Perhaps some of the guys I trained with in Albuquerque were on Johnston Island. Early-model Thor rockets, returned from years of deployment in England, were used to test out the feasibility of anti-ICBM defence by being detonated at high altitude. The range-safety officers had to abort four of them. The fallout came down. It wasn’t like other tests where the military were held back a decent distance from ground zero. One of the Thors blew up on the pad, making practically the whole island radioactive. There were barracks on that island, and probably a detachment of my fellow GMTs to install the W49 bombs on the Thors. Naval aviators flew seaplanes in and out of the fallout. They brought in an army detachment with bulldozers who pushed many acres of radioactive coral into the lagoon. After Vietnam the island was used to store thousands of barrels of Agent Orange, and then it became a disposal site for chemical munitions. Today it’s not used for anything and no one can visit without special permission.

I started going to the demonstrations against testing in civilian clothes, but I had my navy buzz-cut. These were my people. They were raggedy-ass kids like I used to be, and they were staging sit-ins and getting themselves arrested. I wanted to hold a sign and join them.

And then one day me and the master at arms had it out. I handed in my fifth or sixth chit asking for an early discharge and he told me that I was here for keeps. They weren’t going to discharge me until my four years was up. ‘You’re going to serve every goddamn day you enlisted for.’ So that was it.

‘Well, if you won’t let me out early, can I have this afternoon off?’ I said.
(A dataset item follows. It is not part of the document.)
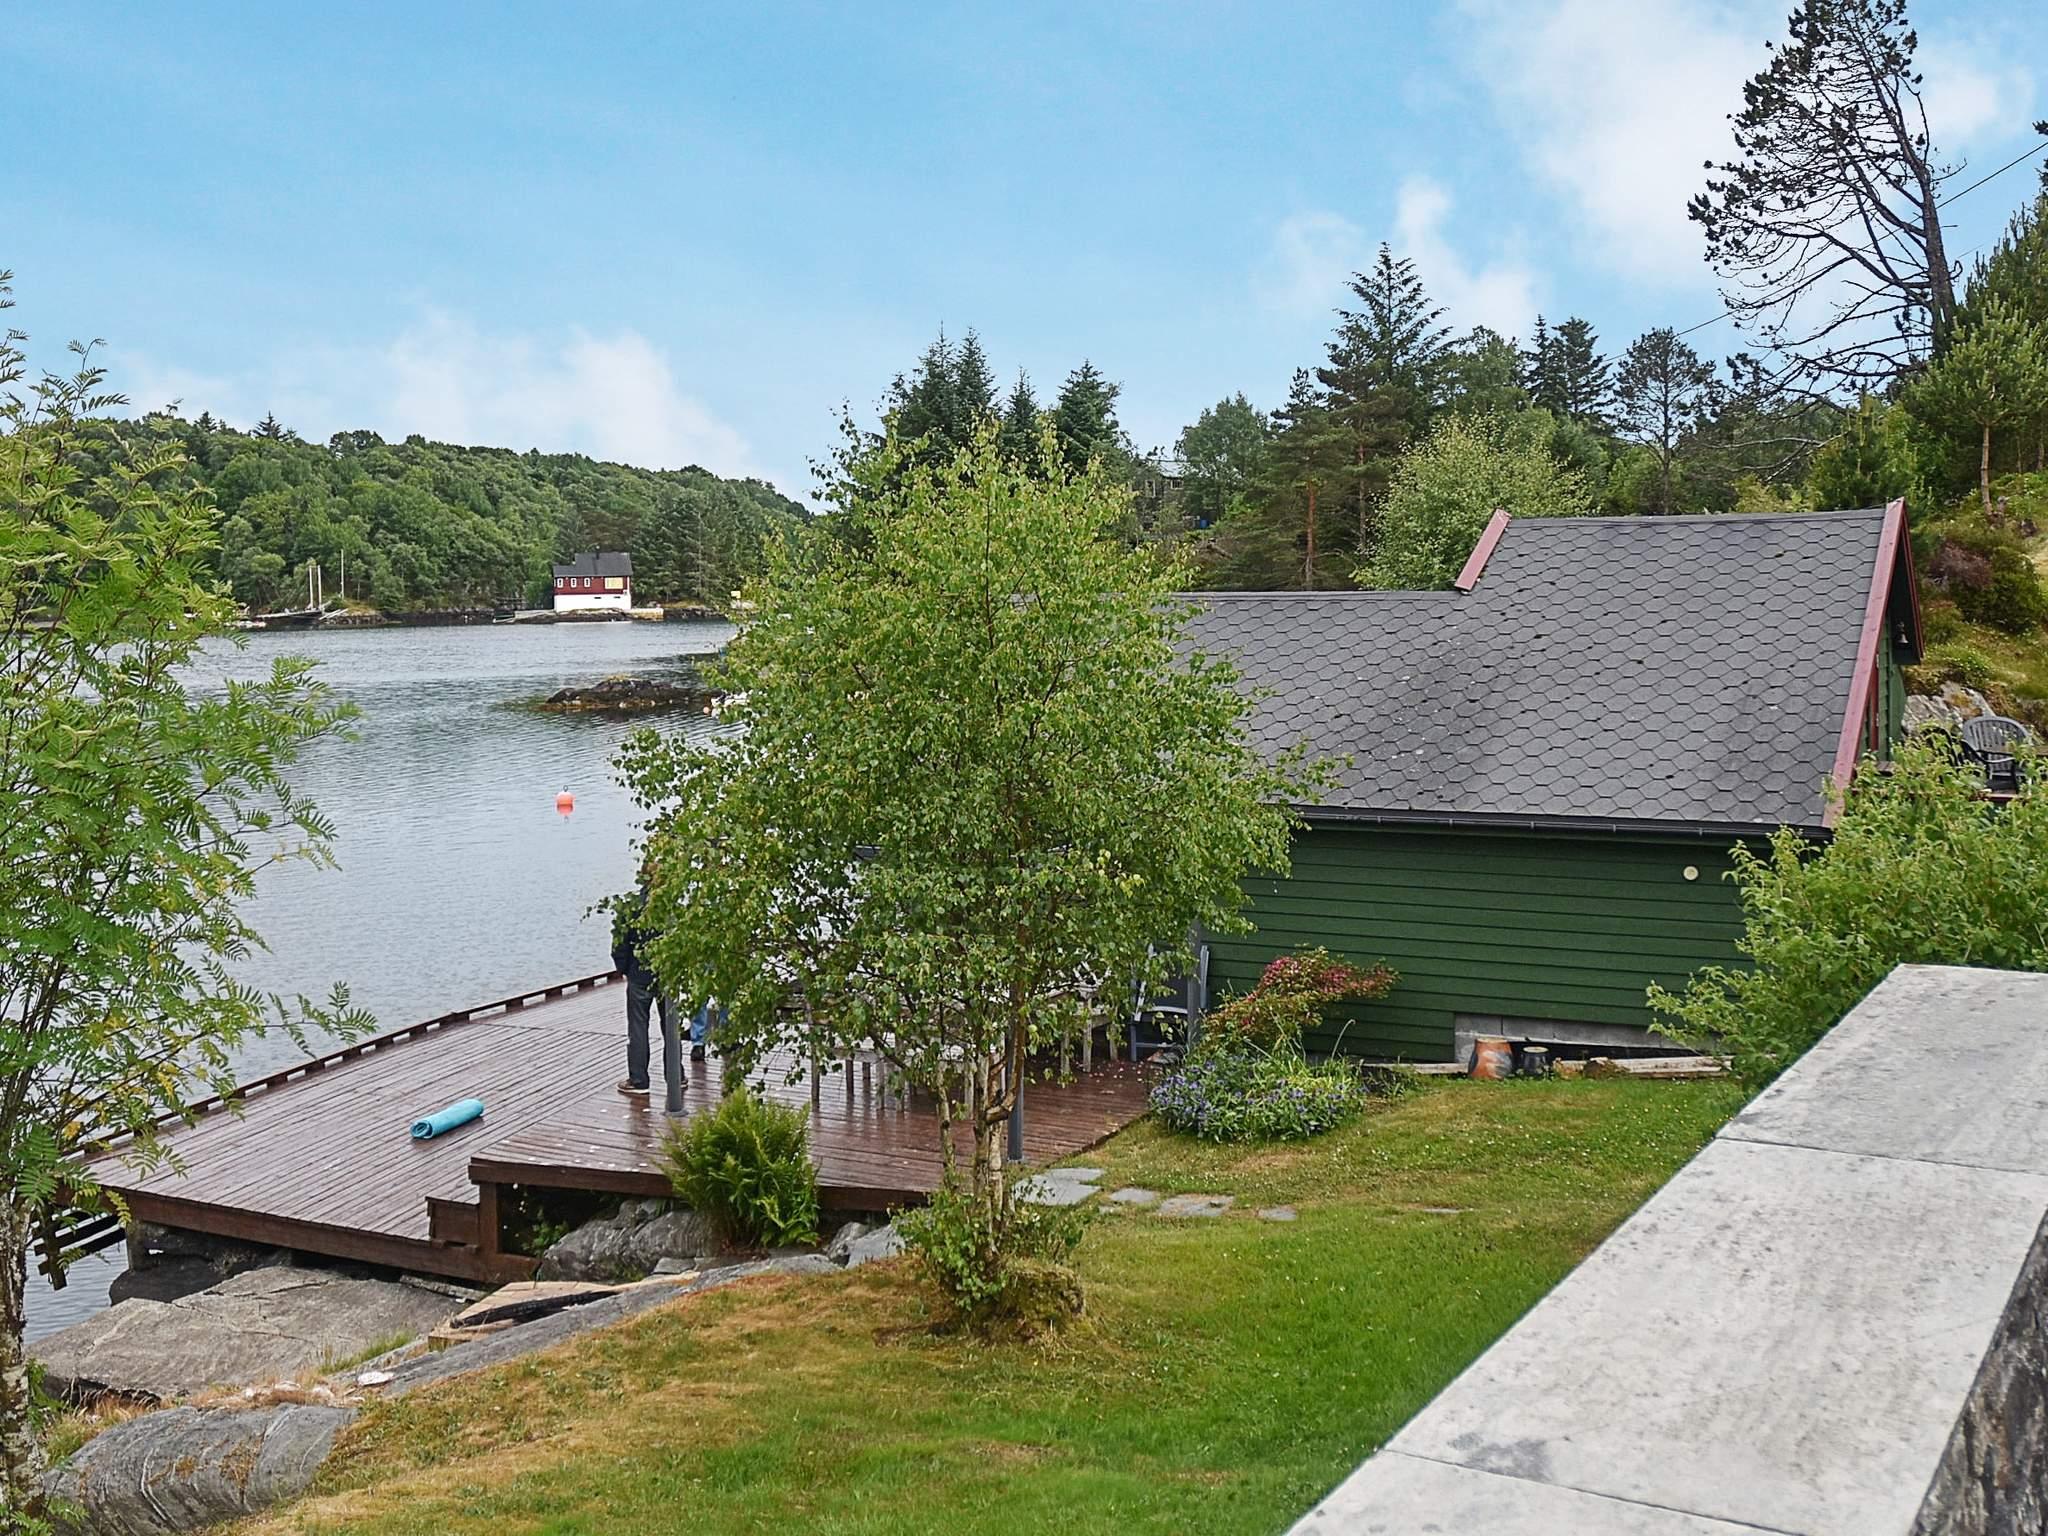 Ferienhaus Mølstrevåg (2463451), Sveio, Hordaland - Hardangerfjord, Westnorwegen, Norwegen, Bild 22

I got the afternoon off. I went to my locker and got out my dress whites. I never had the occasion to wear them because we were always in dungarees. I spit-shined my shoes. There was a sit-in that day at the Atomic Energy Commission building in Oakland. There were five or six people sitting on the front steps when I arrived, and a small crowd milling about. They looked at me with some puzzlement. I think one of them got up and moved out of the way, thinking I wanted to go inside. ‘No,’ I said. ‘Gimme a sign.’ There was one I really liked: ‘Why repeat Khrushchev’s crime?’
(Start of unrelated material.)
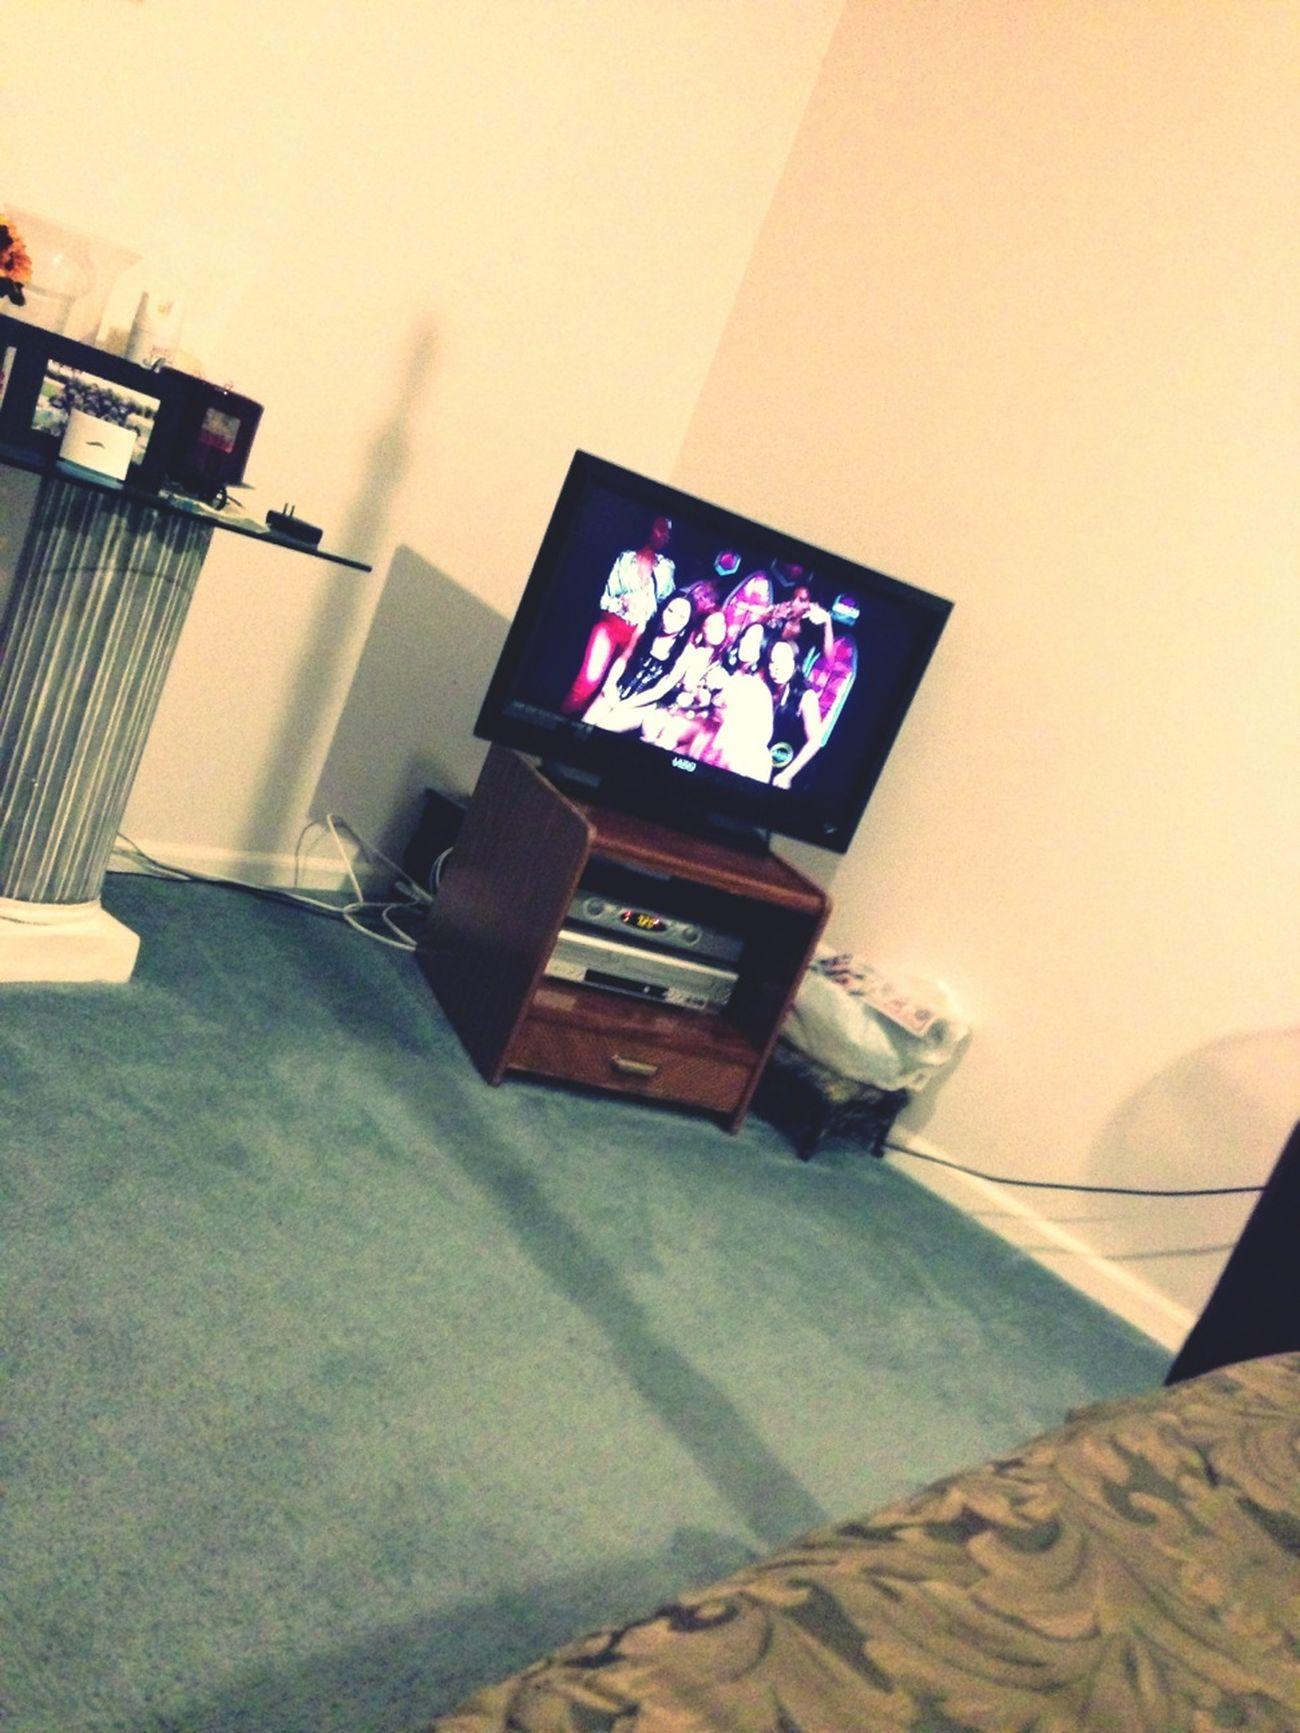 BGC On My Tv

I sat down. The crowd got bigger, there were people at the windows looking down at me. The San Francisco Chronicle interviewed me. Twenty minutes later, the shore patrol arrived. My leave was cancelled; I was placed in custody for conduct unbecoming. There was cheering from up above when I was picked up and tossed into the paddy wagon. And for the first time in my life I felt I was where I ought to be, in full rebellion against the existing order. I was told on numerous occasions that I was going to face a general court martial on six or seven charges. Then word came down from Washington to discharge me quietly. An honourable discharge. Maybe the thinking was that the peace movement didn’t need a martyr. On 16 June 1962 I was escorted to the administration building. The admiral’s office on the third floor looked over the great expanse of parade ground where we were marched and stood for inspection, and where the morning meat market was held. I stood braced at attention for twenty minutes while this two-star admiral told me what he would have done to me if he had his way. Shot as a goddamn traitor, keelhauled, condemned to life in a marine brig. And as he roared and belched fire and pounded his desk my orders were tucked safely in my pocket. I touched them every now and then to make sure they were still there, and stole a glimpse out of his window from time to time at the distant chequerboard where until three days ago I had stood in square number 3039. Maybe a small smile showed itself on my face and made him that much madder. I was young and a little arrogant then.